**TASK DESCRIPTION**. Could you print the stretch of lines below from the one with "Bride's rose gold" through the one with "PPC-BAN-001-801G Krumm Small", exactly as they stand and without any pictures?

**DATA FOR PROCESSING**.

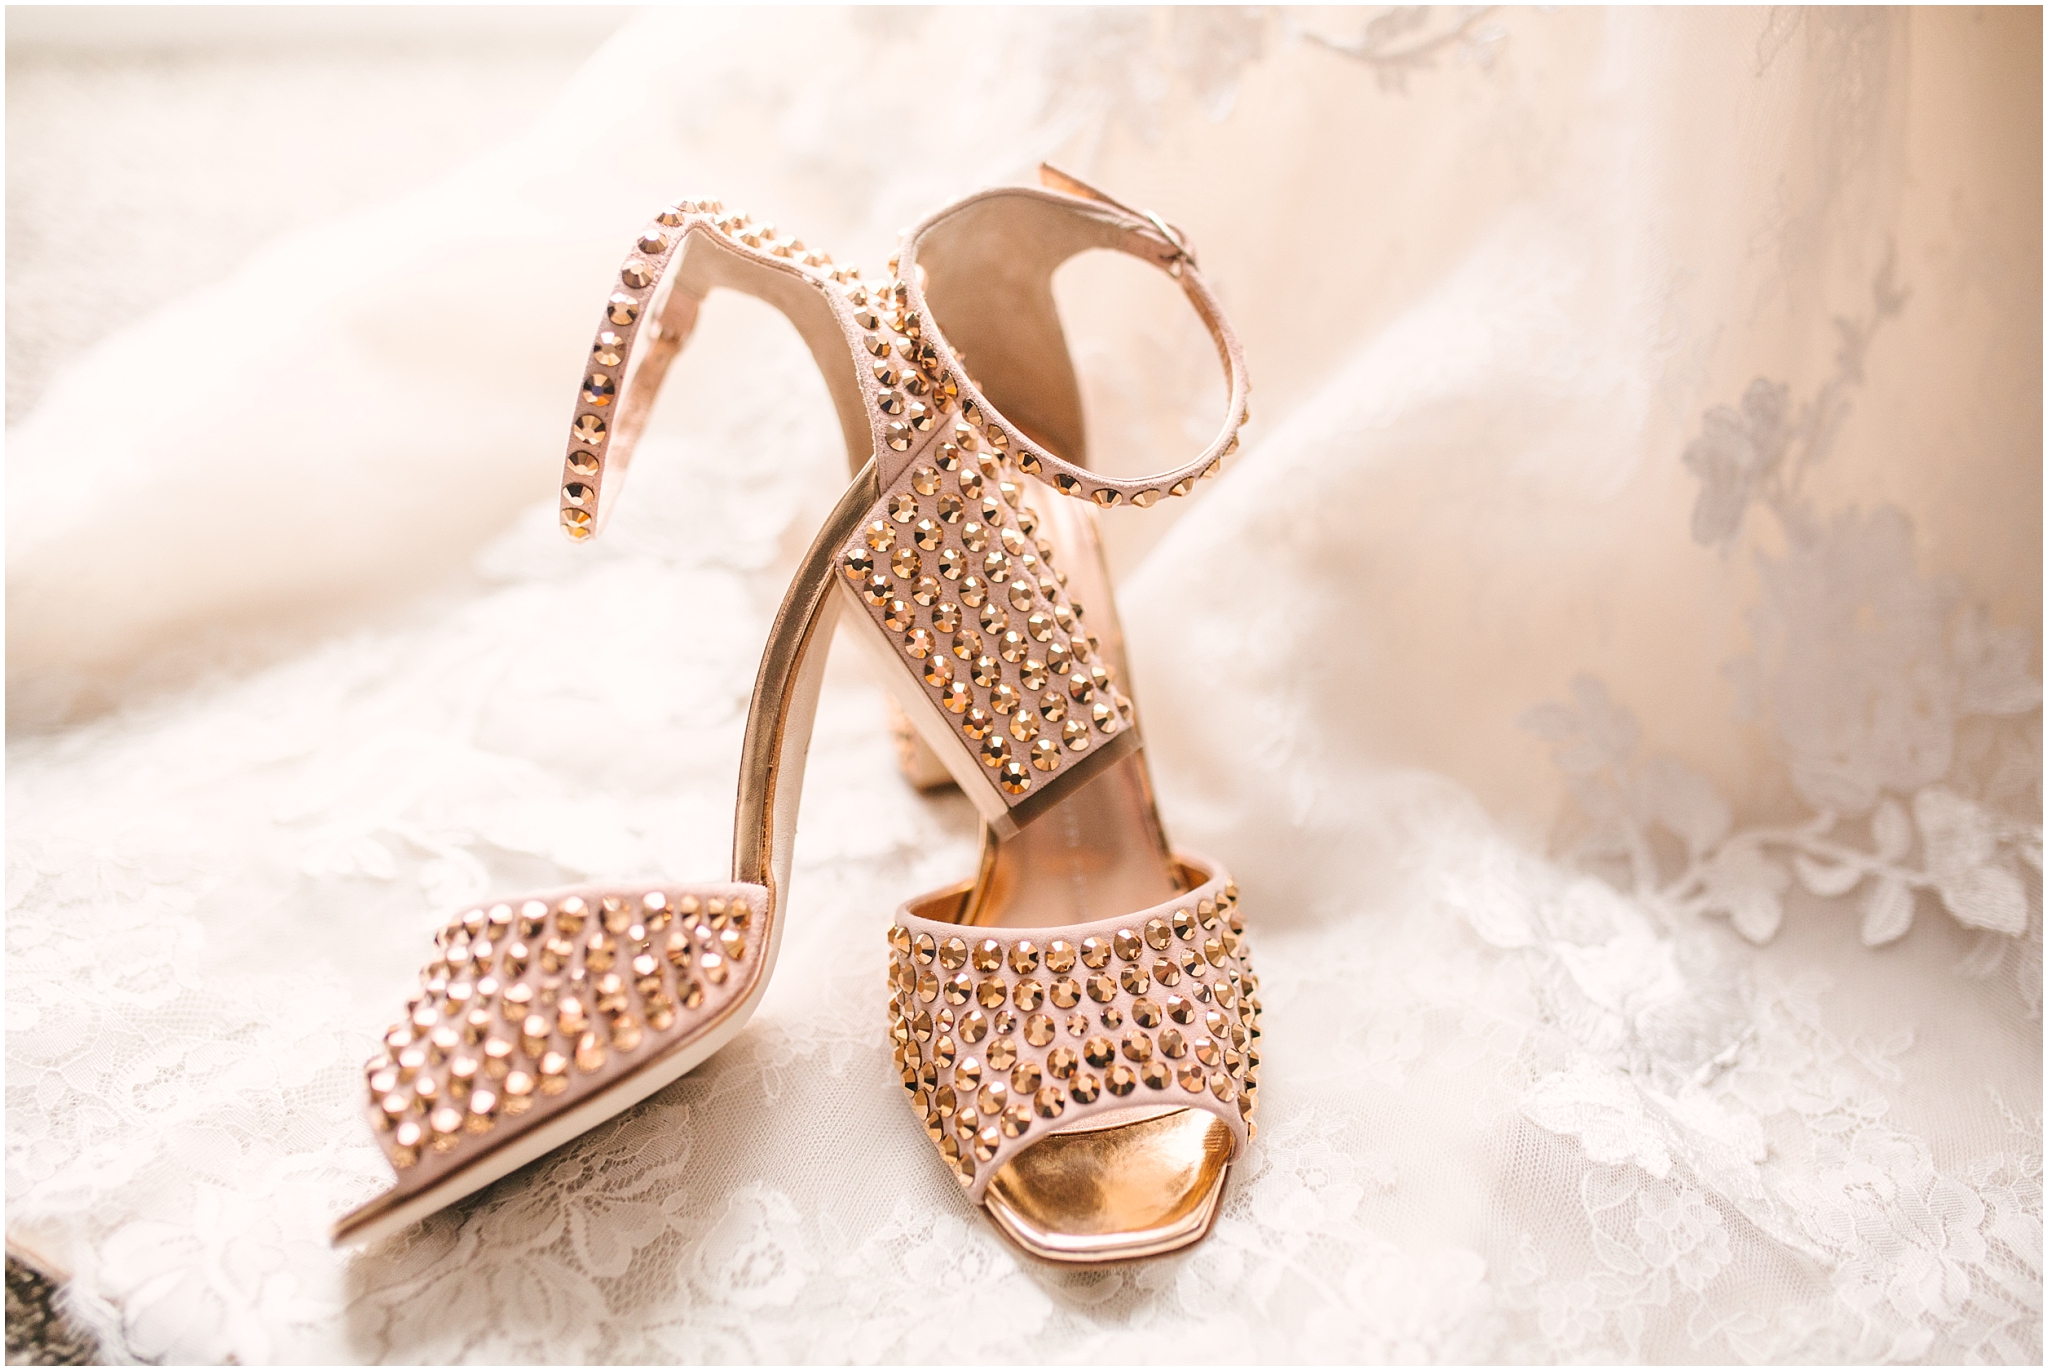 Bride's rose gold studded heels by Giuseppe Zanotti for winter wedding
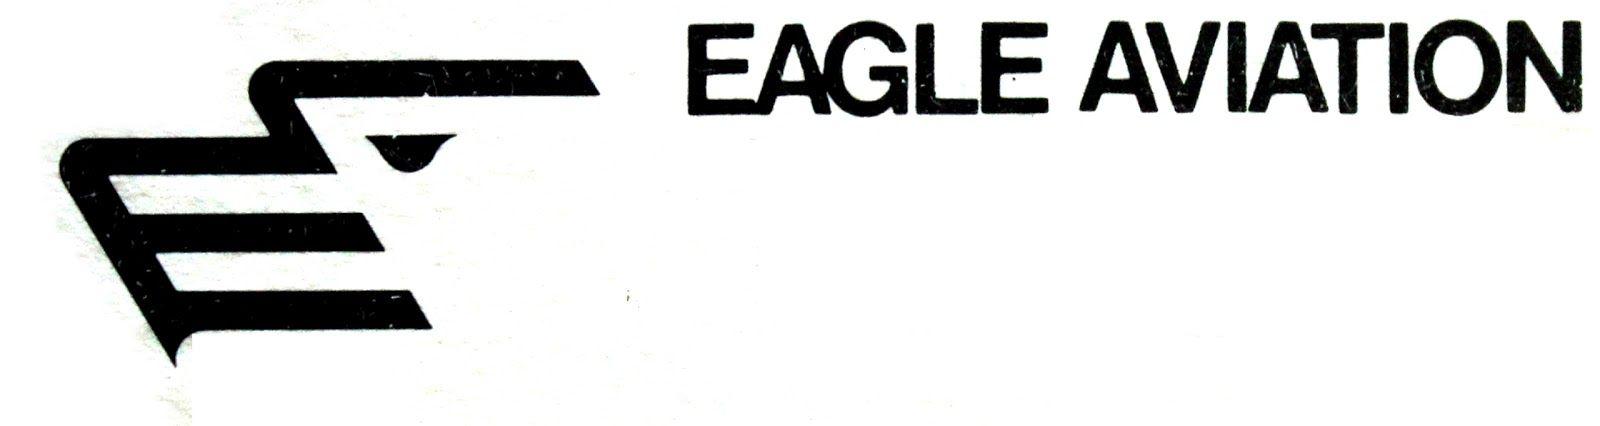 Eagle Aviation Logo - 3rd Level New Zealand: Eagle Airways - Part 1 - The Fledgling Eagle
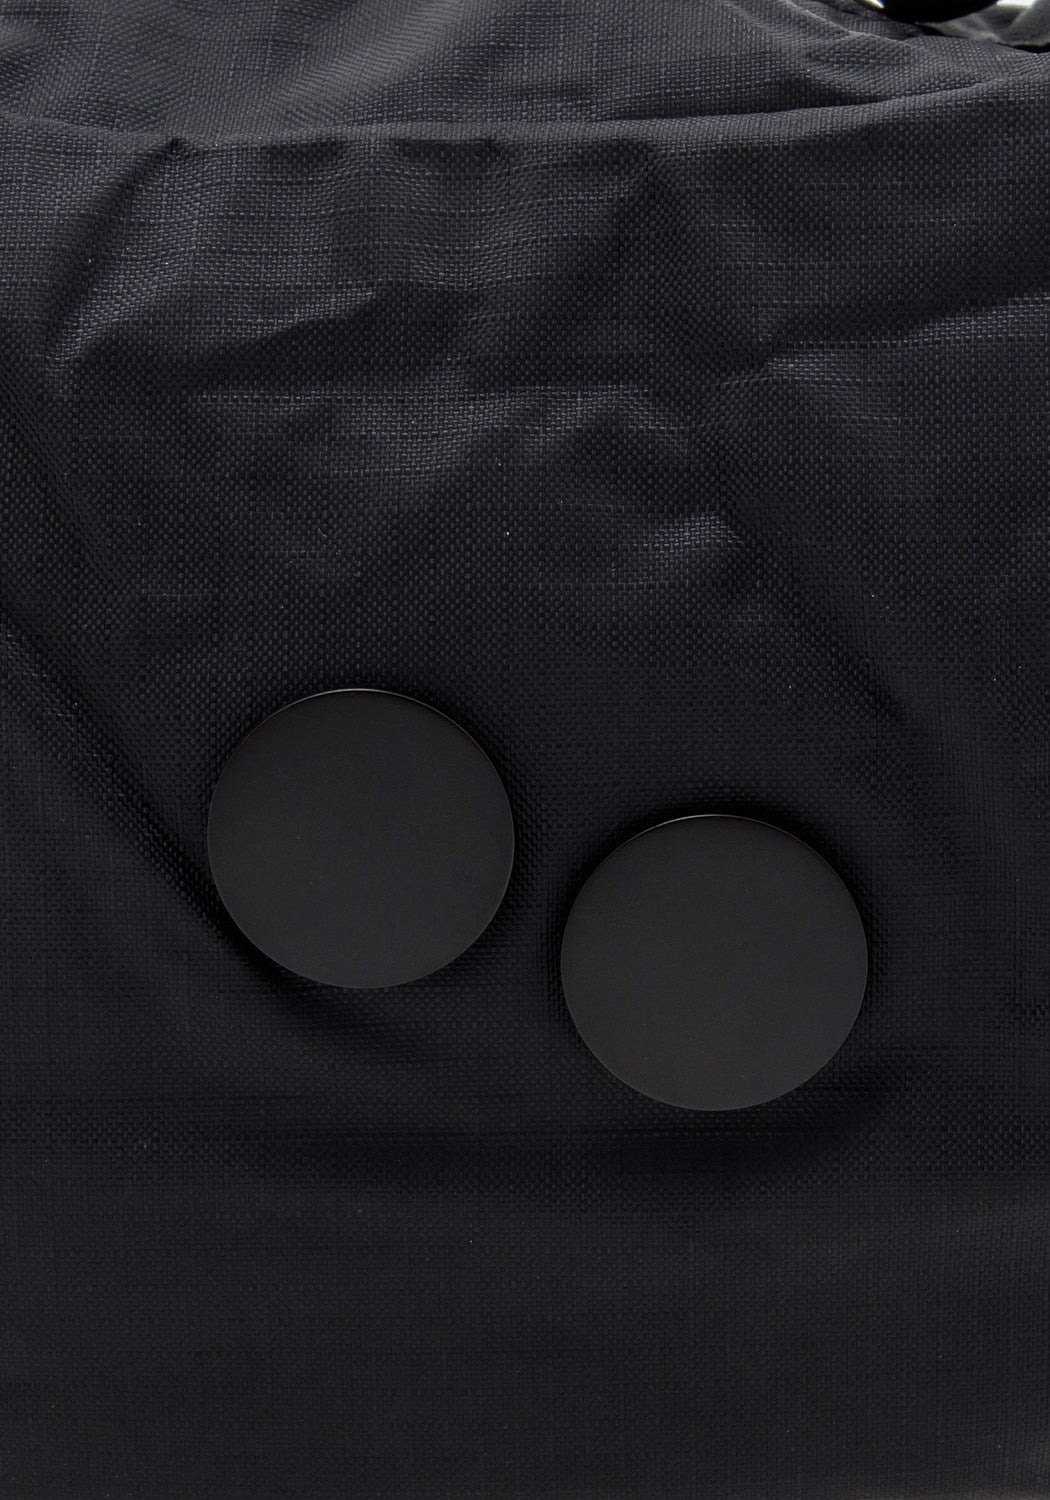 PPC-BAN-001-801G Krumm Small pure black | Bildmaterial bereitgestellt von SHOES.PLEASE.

...

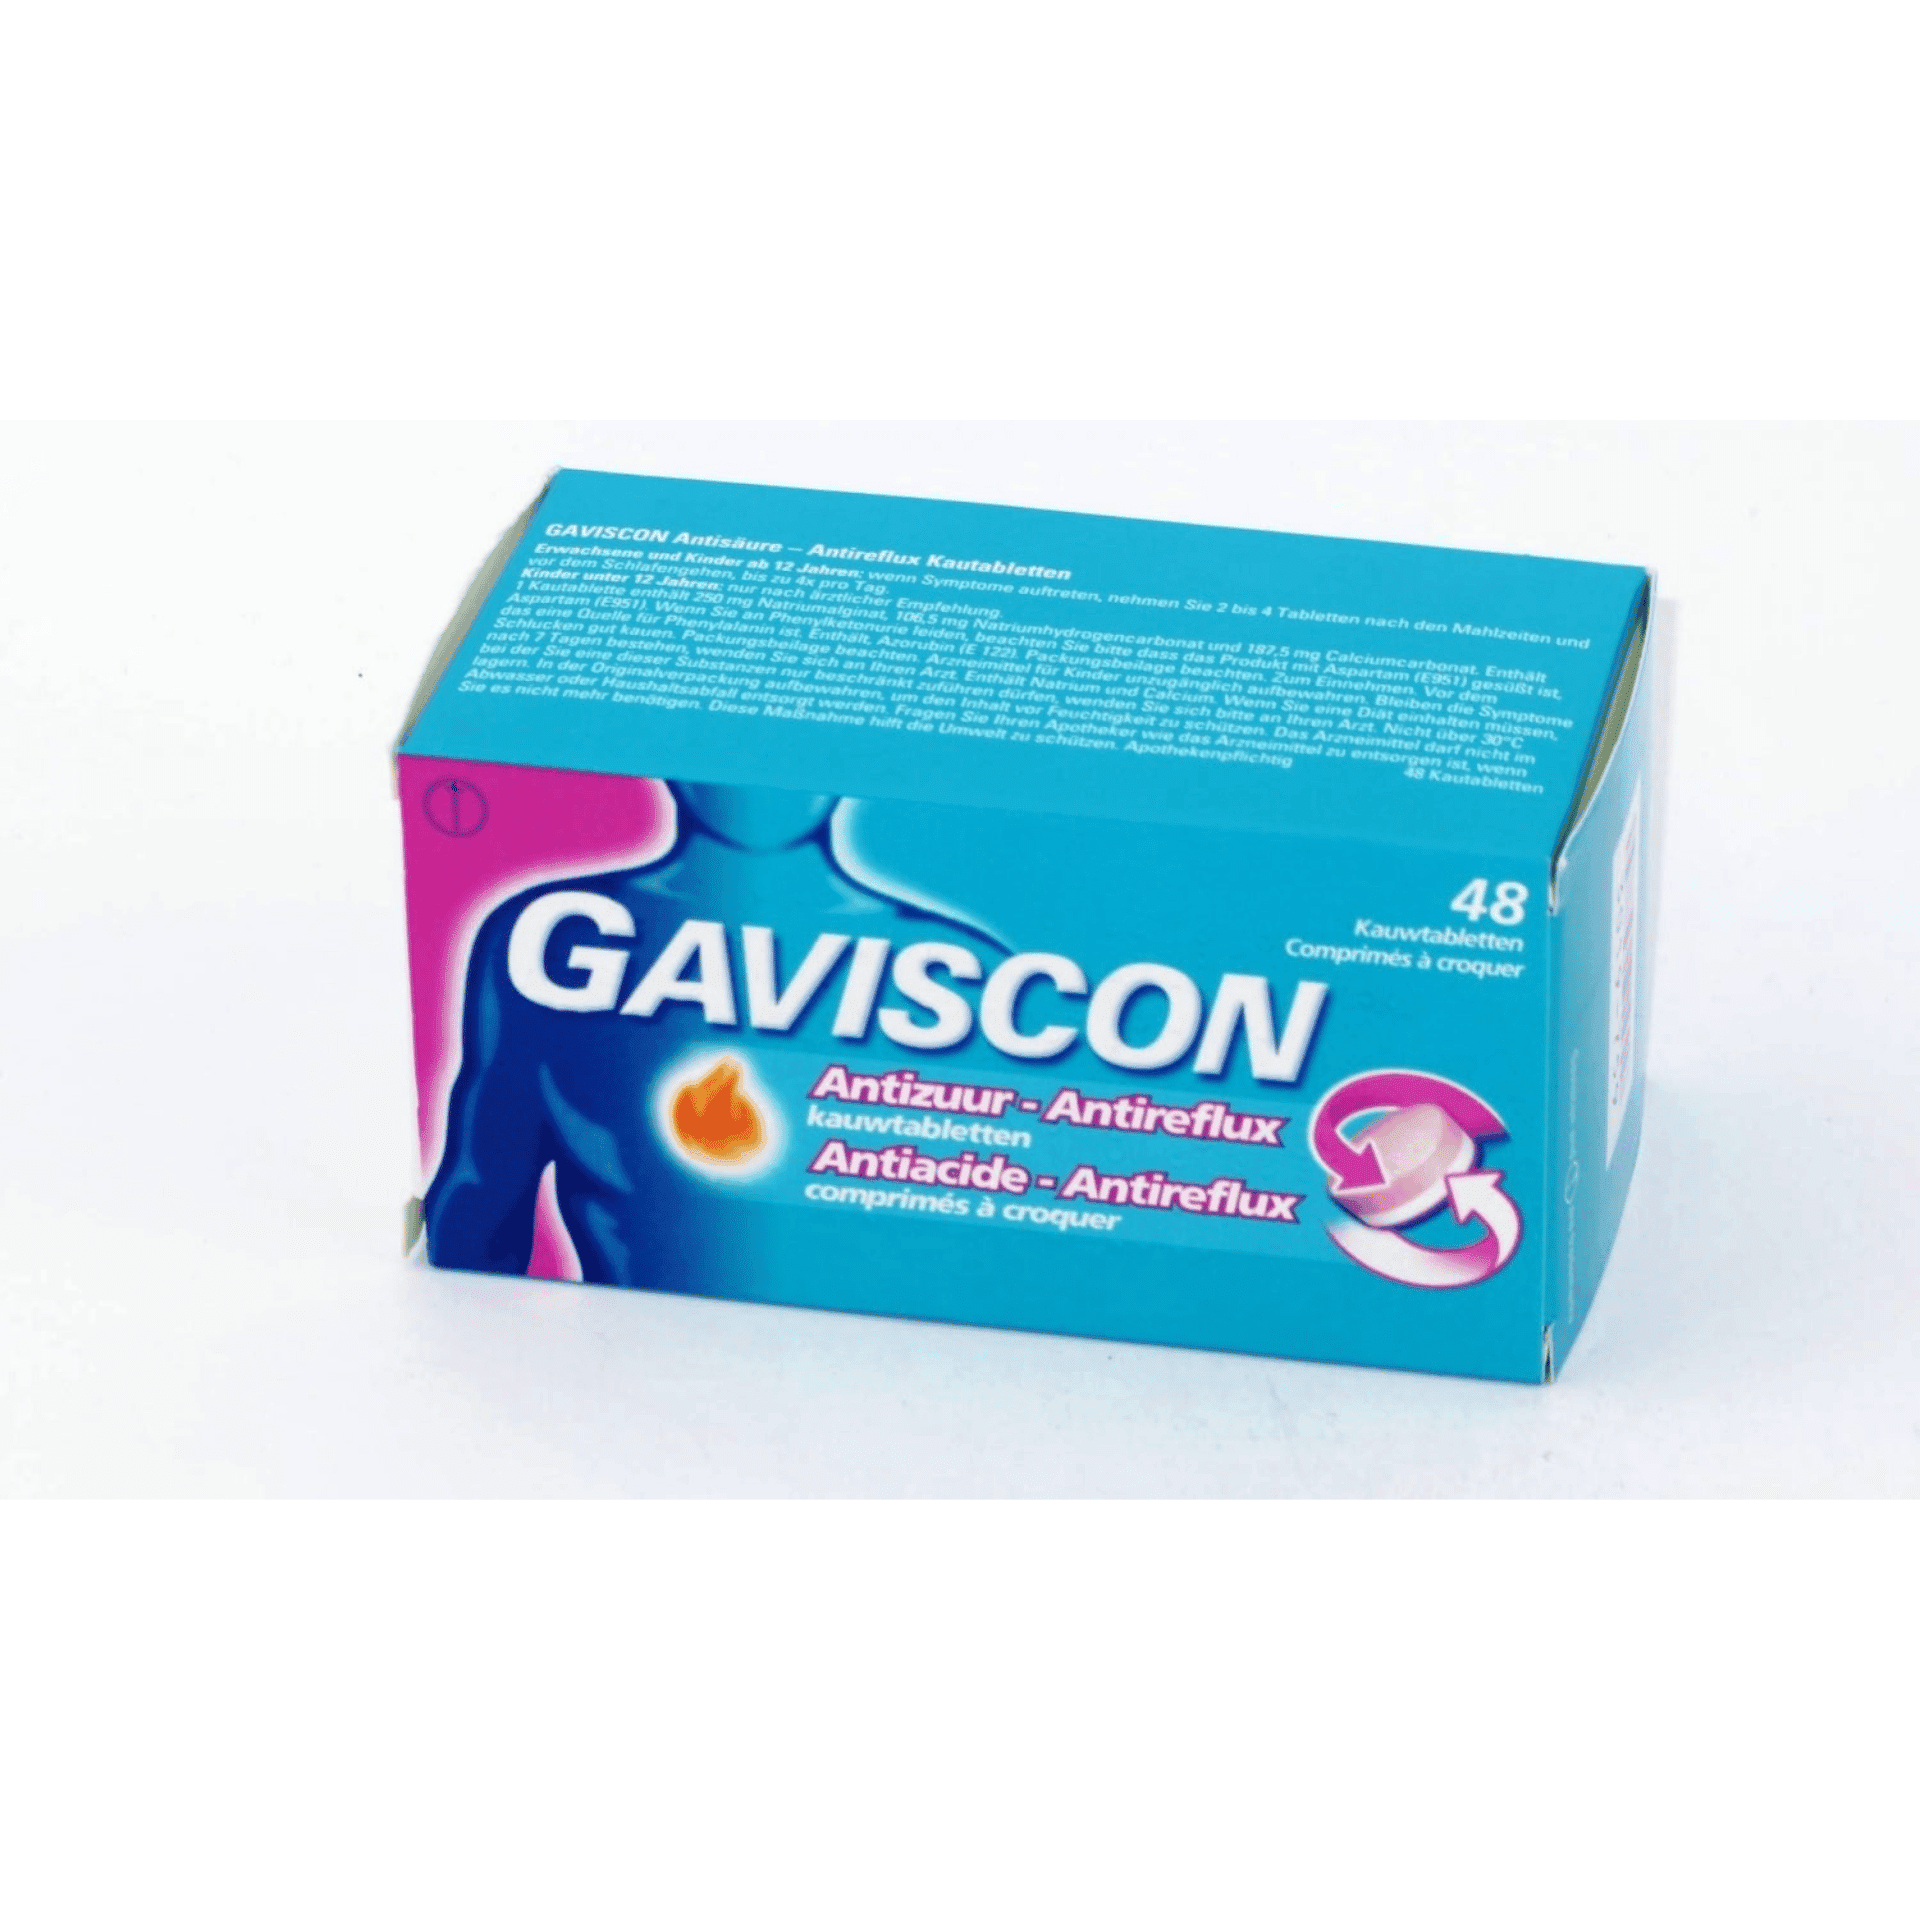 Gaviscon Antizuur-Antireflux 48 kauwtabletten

**EXERCISE ANSWER**.
 Bride's rose gold studded heels by Giuseppe Zanotti for winter wedding
 Eagle Aviation Logo - 3rd Level New Zealand: Eagle Airways - Part 1 - The Fledgling Eagle
 PPC-BAN-001-801G Krumm Small pure black | Bildmaterial bereitgestellt von SHOES.PLEASE.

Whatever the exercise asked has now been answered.